The 3813 and 3814 fibroblasts were plated on coverslips and grown in DMEM. After overnight growth, the cells were transfected with 100 nM oligonucleotides. At 48 h post-transfection, the cells were washed with phosphate-buffered saline (PBS) and fixed with 3.7% paraformaldehyde in PBS for 20 min. After washing with PBS, the cells were permeabilized in 0.1% Triton X-100 in PBS for 3 min, blocked for 30 min in blocking buffer (5% goat serum, 3% IgG-free bovine serum albumin [BSA]), and incubated for 3 h in blocking buffer containing mouse monoclonal anti-SMN antibody. The cells were then washed three times with PBS and incubated for 2 h in blocking buffer containing goat anti-mouse secondary antibody Alexa Fluor 594 (Molecular Probes/Invitrogen). The cells were again washed with PBS three more times, and coverslips were mounted with Prolong Gold mounting solution containing DAPI (Molecular Probes/Invitrogen) for nuclear staining. Cells were analyzed using an Axioplan 2i fluorescence microscope (Carl Zeiss, Thornwood, New York, United States) equipped with Chroma filters (Chroma Technology, Rockingham, Vermont, United States). OpenLab software (Improvision, http://www.improvision.com) was used to collect digital images from a CCD camera (Hamamatsu, Bridgewater, New Jersey, United States). To count gems, first a field was randomly selected using the DAPI channel, the cell number was determined based on the DAPI counterstaining, and then the gems were counted in the red channel. At least three different fields were counted, and each field contained more than 40 cells.

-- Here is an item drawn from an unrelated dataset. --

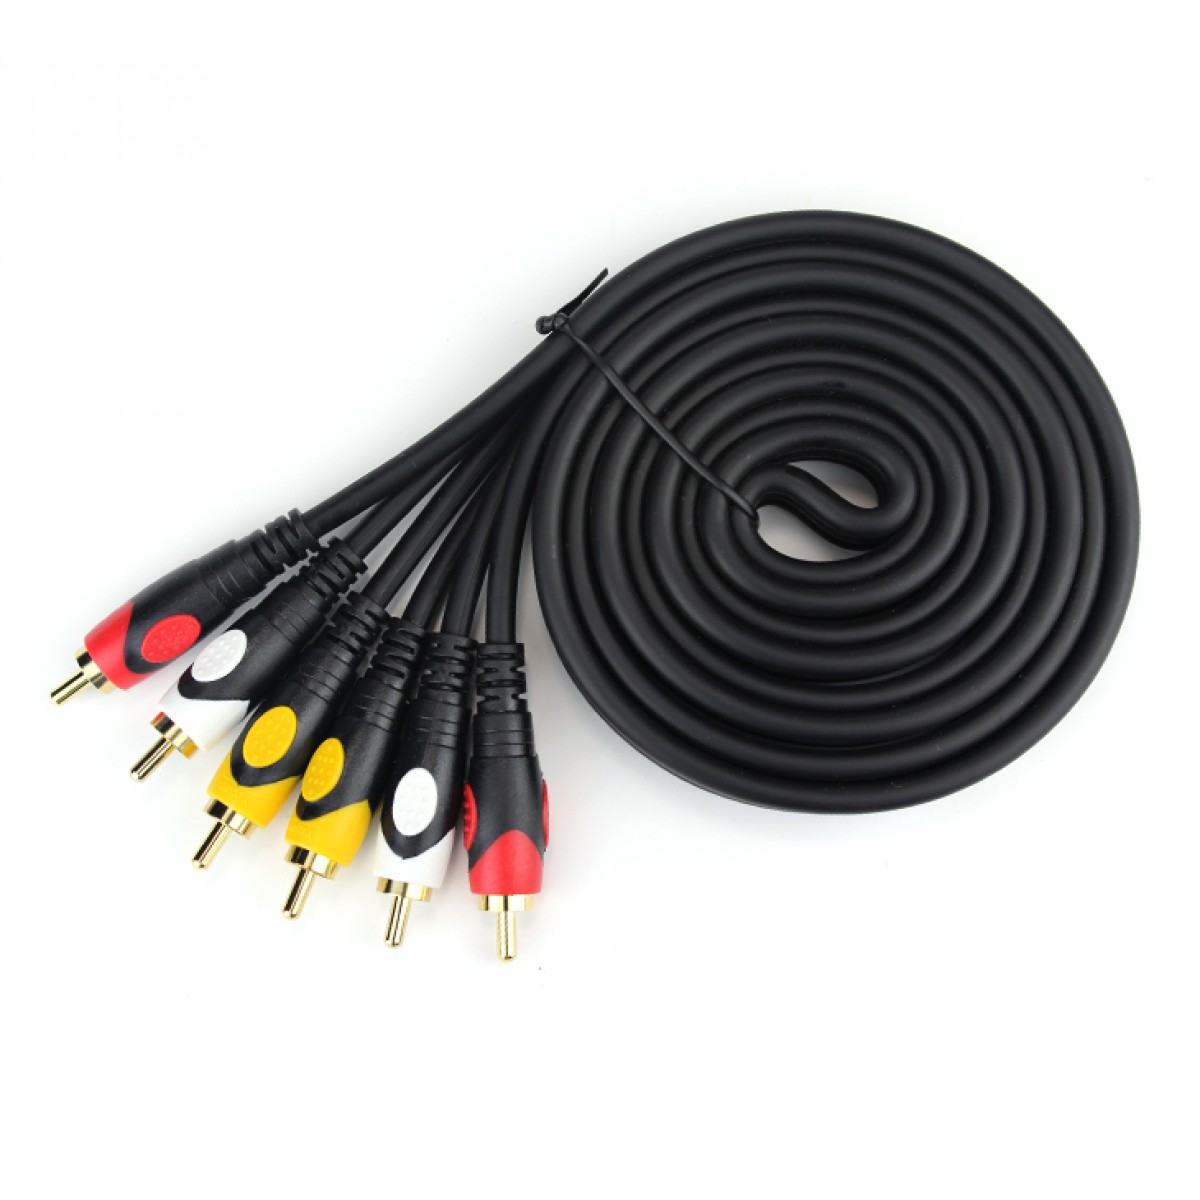 TY-1526 3xRCA male to 3xRCA male audio cable

The UniProt (http://www.pir.uniprot.org) accession number for SMN is Q16637–1. The Entrez Gene (http://www.ncbi.nlm.nih.gov/entrez/query.fcgi?db=gene) GeneID numbers for the genes discussed in the paper are SMN1 (6606) and SMN2 (6607).
We are grateful to Drs. Michelle Hastings and Xavier Roca for useful comments on the manuscript, and to other members of the Krainer laboratory for helpful advice and discussions.

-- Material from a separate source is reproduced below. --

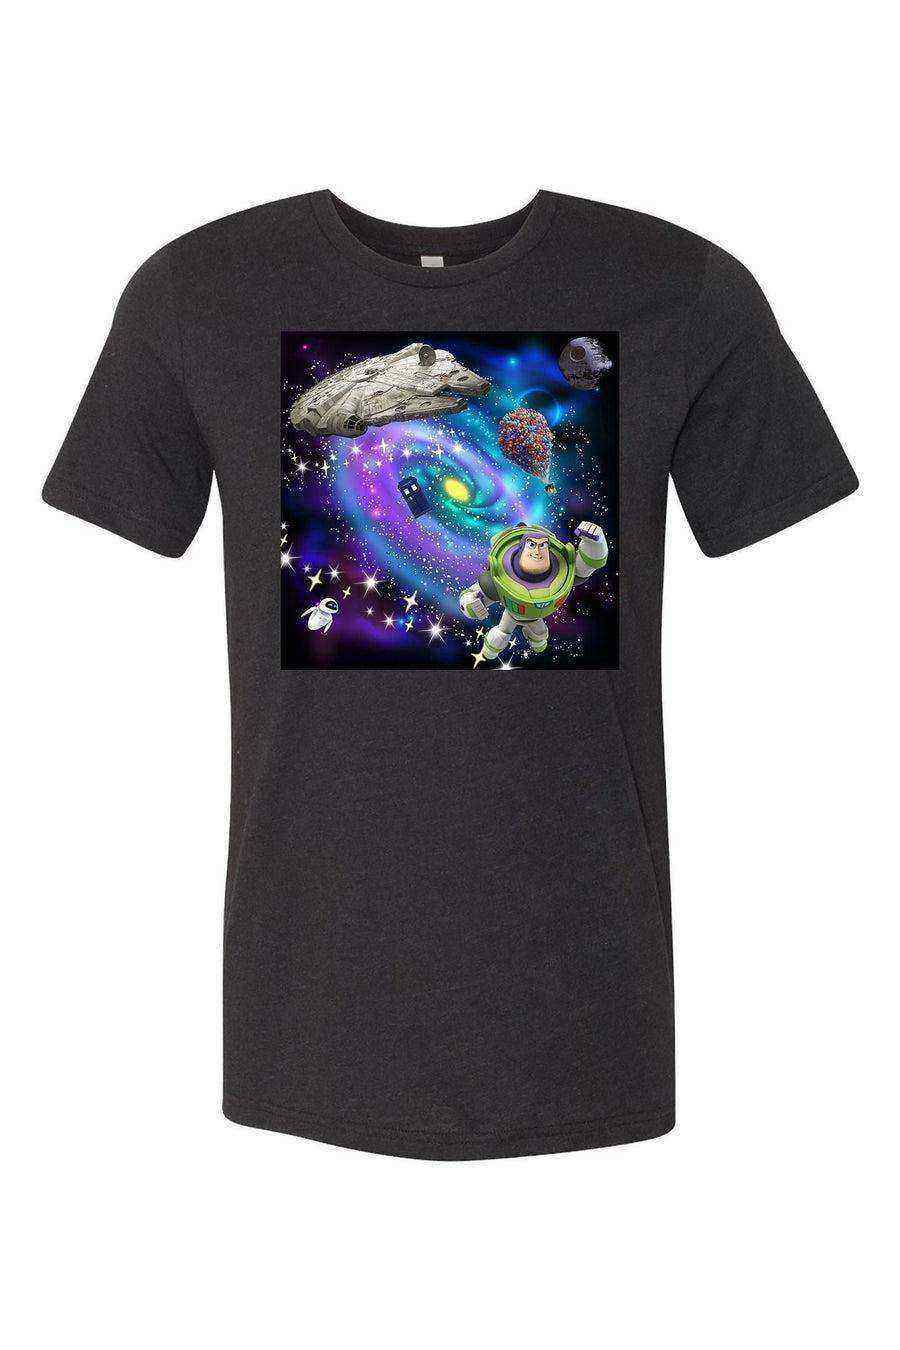 Youth | To Infinity And Beyond Shirt | Outer Space Shirt - Dylan's Tees

Competing interests. TAV, BFB, and CFB are employees of Isis Pharmaceutical Corp., the owner of the antisense oligonucleotide chemistry used in this report, and materially benefit either directly or indirectly through stock options. YH and ARK, along with their employer, Cold Spring Harbor Laboratory, could materially benefit if a therapeutic for SMA results from this work. ARK serves on the scientific advisory board of two non-profit SMA foundations.
Author contributions. YH, TAV, BFB, CFB, and ARK conceived and designed the experiments. YH performed the experiments. YH and ARK analyzed the data. YH, TAV, BFB, CFB, and ARK contributed reagents/materials/analysis tools. YH and ARK wrote the paper.
Funding. This work was supported by National Institutes of Health grants NS041621 and GM42699 (to ARK), and by the Spinal Muscular Atrophy Foundation.